Judge Anne Johnson's Reply

I'm with you 100%.

This year, I took two of my young students to the Paint World Show in Ft. Worth. We were watching a western pleasure class from the end of the arena. At the lope, every horse was jammed up to go so slow the only way they could even move was on a two track. Not one was going straight, much less doing a true three beat lope. It was obscene. These are terrific horses and they all were asked to look crippled and lethargic. It's the training, riding and judging.

People need to keep in mind what a western pleasure horse is enjoyable ride that will get you somewhere. My goodness, if you were on a ranch riding one of these, the cattle would die of old age and the girl would be married off before you ever got there! It's my opinion that a good share of the newer trainers and owners have not had the opportunity for the practical uses of horses and are more inclined to be arena riders. Trends get started and the judging perpetuates them. If you have a class of nothing but four beaters or two trackers, you have to place them unfortunately. I've attended judges seminars from a variety of breed associations and every one of them tell you not to use four beaters. Sometimes there's just a disconnect,
politics, or no other choice the way it looks.

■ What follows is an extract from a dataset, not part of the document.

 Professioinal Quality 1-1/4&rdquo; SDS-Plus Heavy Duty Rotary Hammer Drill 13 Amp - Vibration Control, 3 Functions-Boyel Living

Recently, I spoke with one of the top trainers of AQHA World Show western pleasure champions about this very subject. He felt people were moving away from the four beating, artificial trends and producing horses that move. I hope so. At all levels, if just a few do it right and win, it may change.

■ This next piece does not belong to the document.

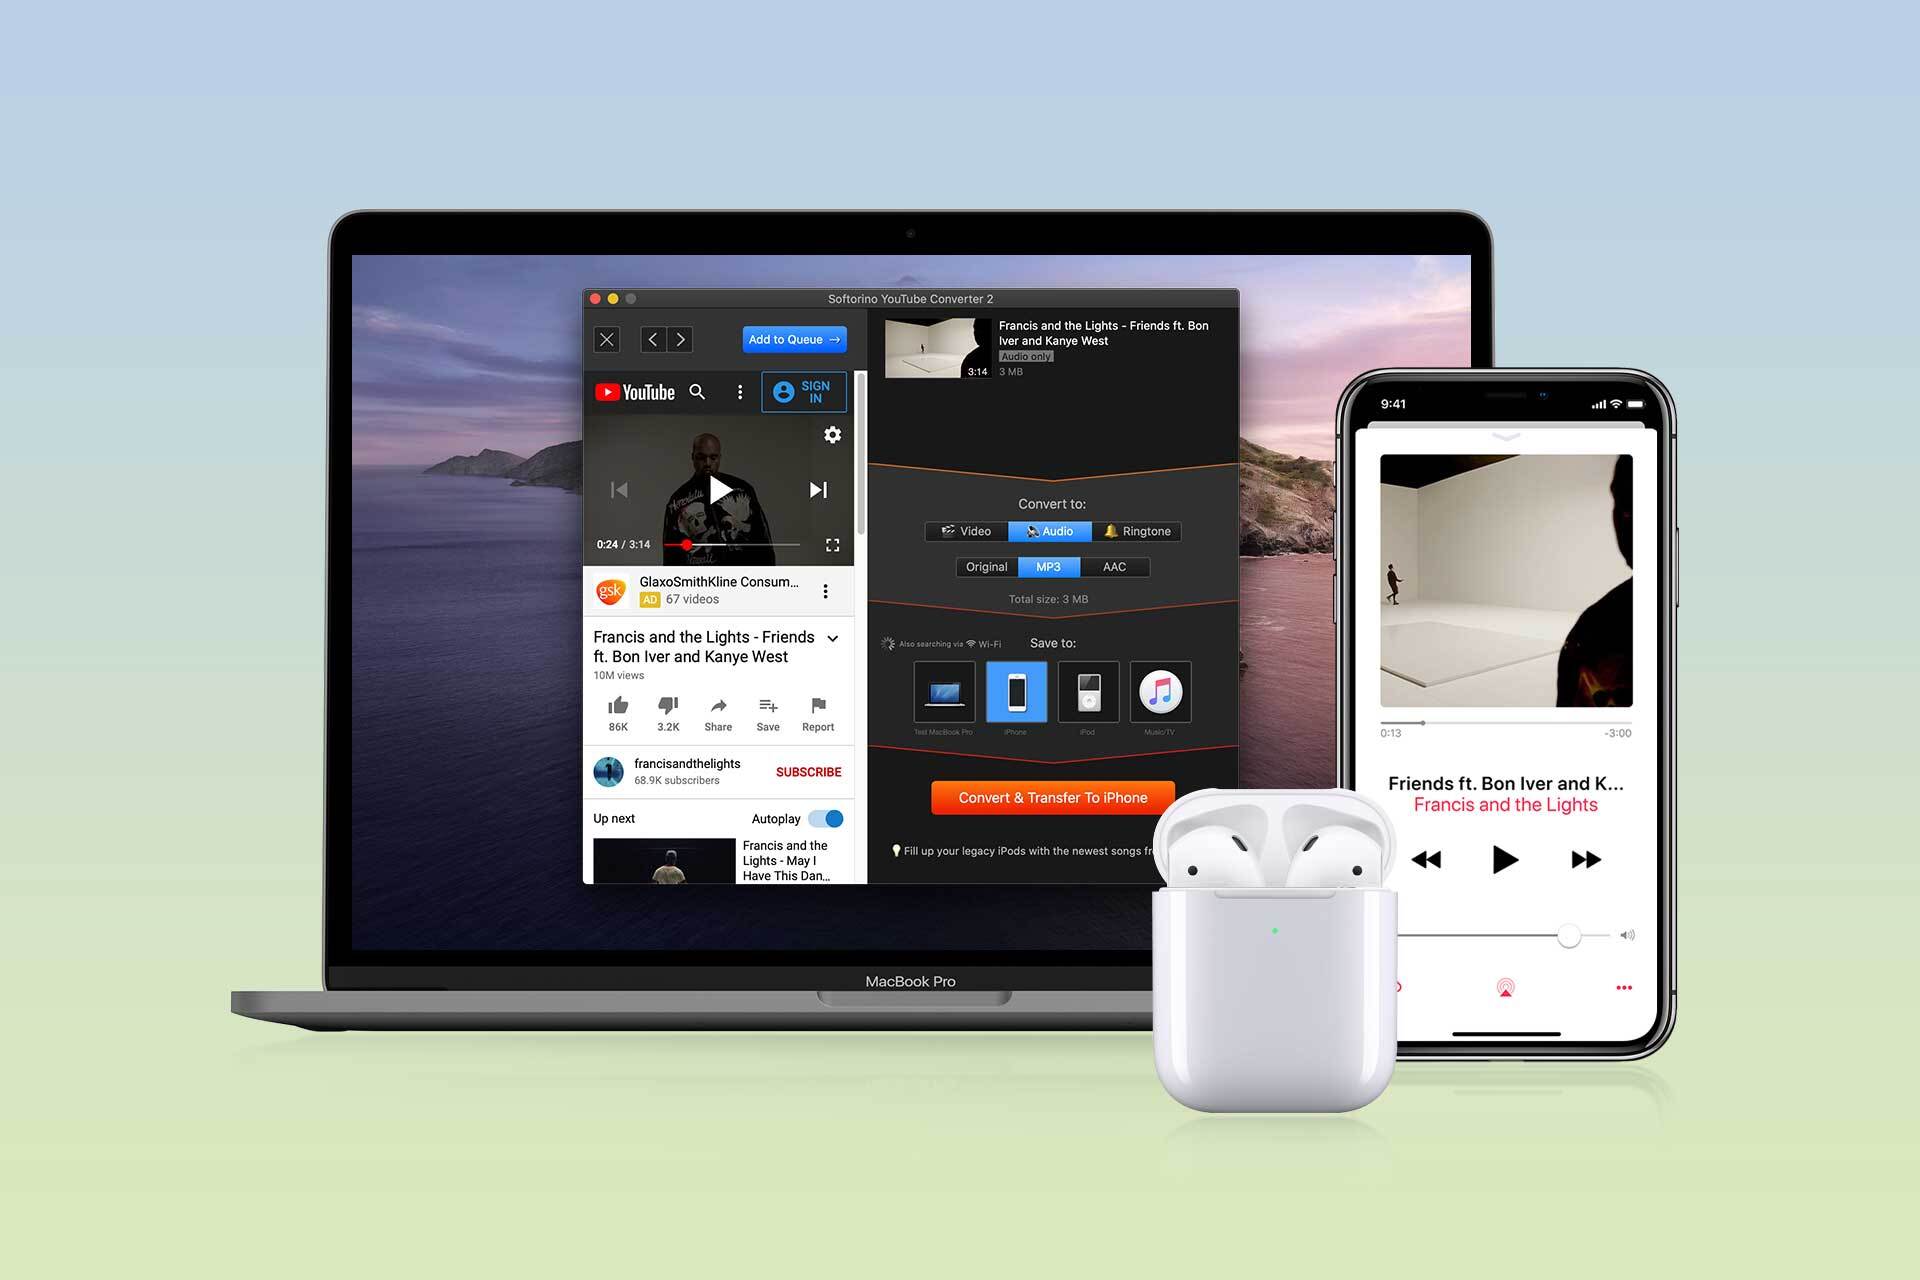 SYC helps listen to YouTube music offline

You've raised a terrific and frustrating question. People at all levels need to take responsibility to be better educated on this subject and get it right. Thank you so much for opening up this topic.

Anne Johnson

Hannah Asks:
I have a 7 year old Arabian mare that I am training. I've had halter trained horses before, but this is the first time I've attempted to train one myself. I've gotten her to where she will set up great, but I don't know how to keep her in that pose, with her neck stretched out. Do you have any tips!? Thanks for you time.

-Hannah and Kyrah

Judge Anne Johnson's Reply
Dear Hannah and Kyrah,

There is a process in training halter horses just as there is for performance horses. Several steps are involved and you make sure each one is solid before going on to the next one. This is a bit over simplified but might give you some ideas to work with:

1. Reinforce the "whoa" command . Whoa means whoa with no extra steps or movement.

2. Teach her to plant her hind feet correctly and stay there. To get the favored "split", walk her and watch the footfall of the left hind foot. As it leaves the ground and is arcing to land, say whoa. She'll plant it and move the right hind forward one more stride.

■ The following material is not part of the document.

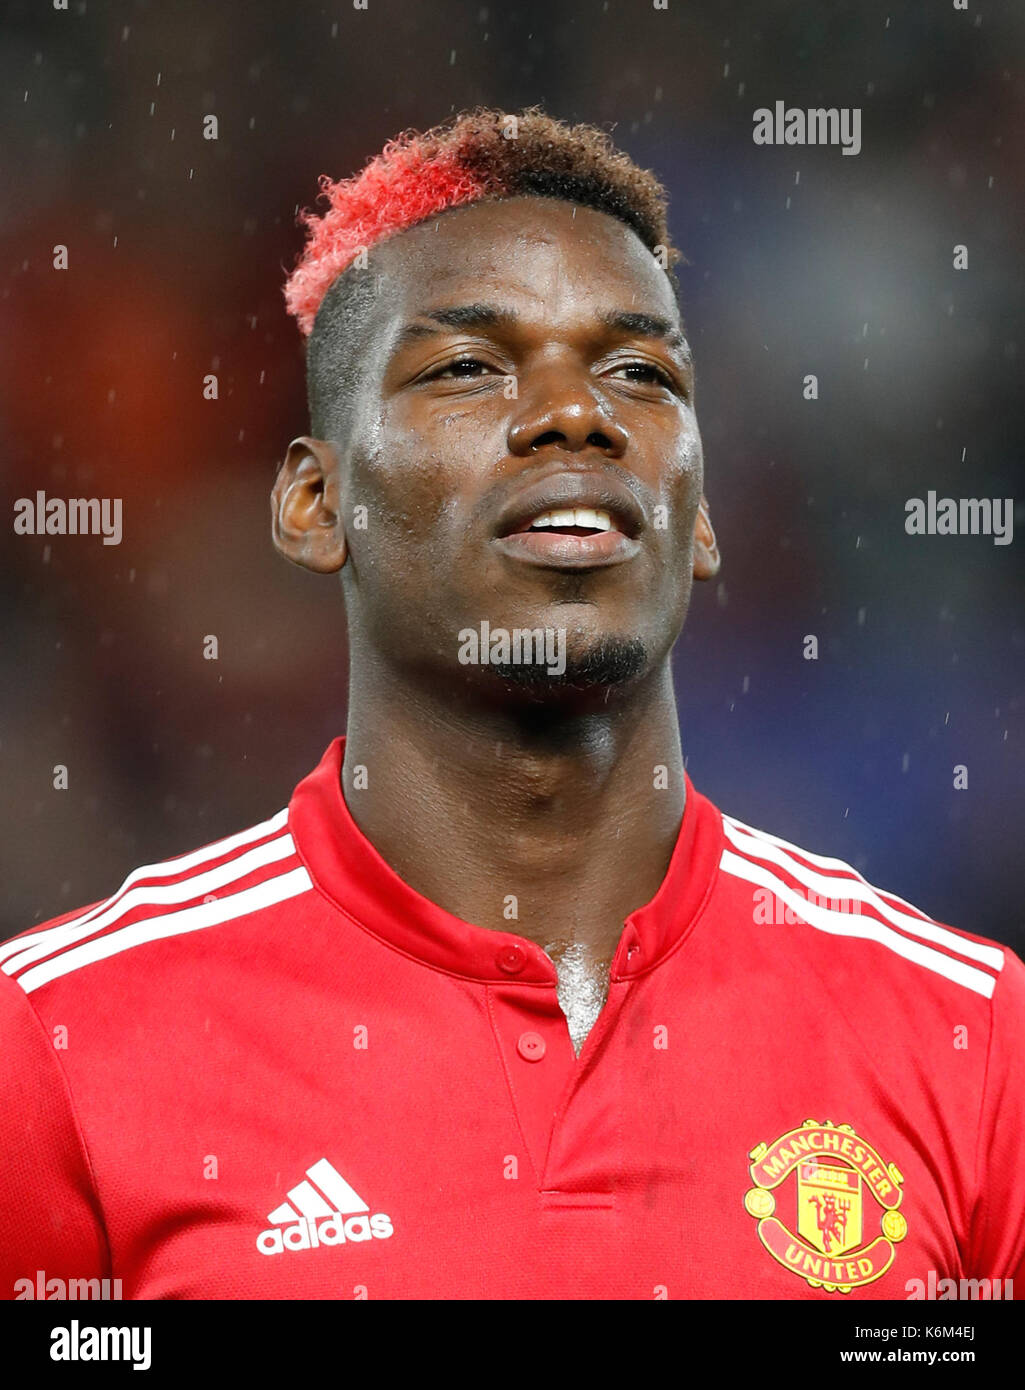 Manchester United's Paul Pogba during the UEFA Champions League, Group A  match at Old Trafford, Manchester. PRESS ASSOCIATION Photo. Picture date:  Tuesday September 12, 2017. See PA story soccer Man Utd. Photo

3. When that's solid, give her the command to "step" sideways with her front legs. This will move them out from under her and get good body position. Moving the horse forward will usually get them to start walking and you loose everything.

4. Reinforce whoa.

5. By bumping upward on the halter, you'll set her back on her hindquarters. Then get her attention for ears and neck. Don't pull forward or stretch too much. She won't tighten her back and the shoulders can appear straighter than they are.

6. Lots of reward when she does it right! And quit when you are ahead...don't over do it!

Anne Johnson

Chalise Asks:
Hi my name is Chalise and I was wondering what type of braid would work well with a six year old Friesian? He has a very long and wavy mane and tail but I was mainly wondering if there would be any need to braid the tail for barrel racing?

Thank You,

Judge Anne Johnson's Reply
Hi Chalise-

Friesians are so distinctive with those great manes and tails! I can't think of a need to braid his tail unless you were trying to grow more length. Or he was knocking over barrels with it or stepping on it! I'd say, enjoy his look unless it is somehow getting in your way, then braid the tail and/or mane for safety.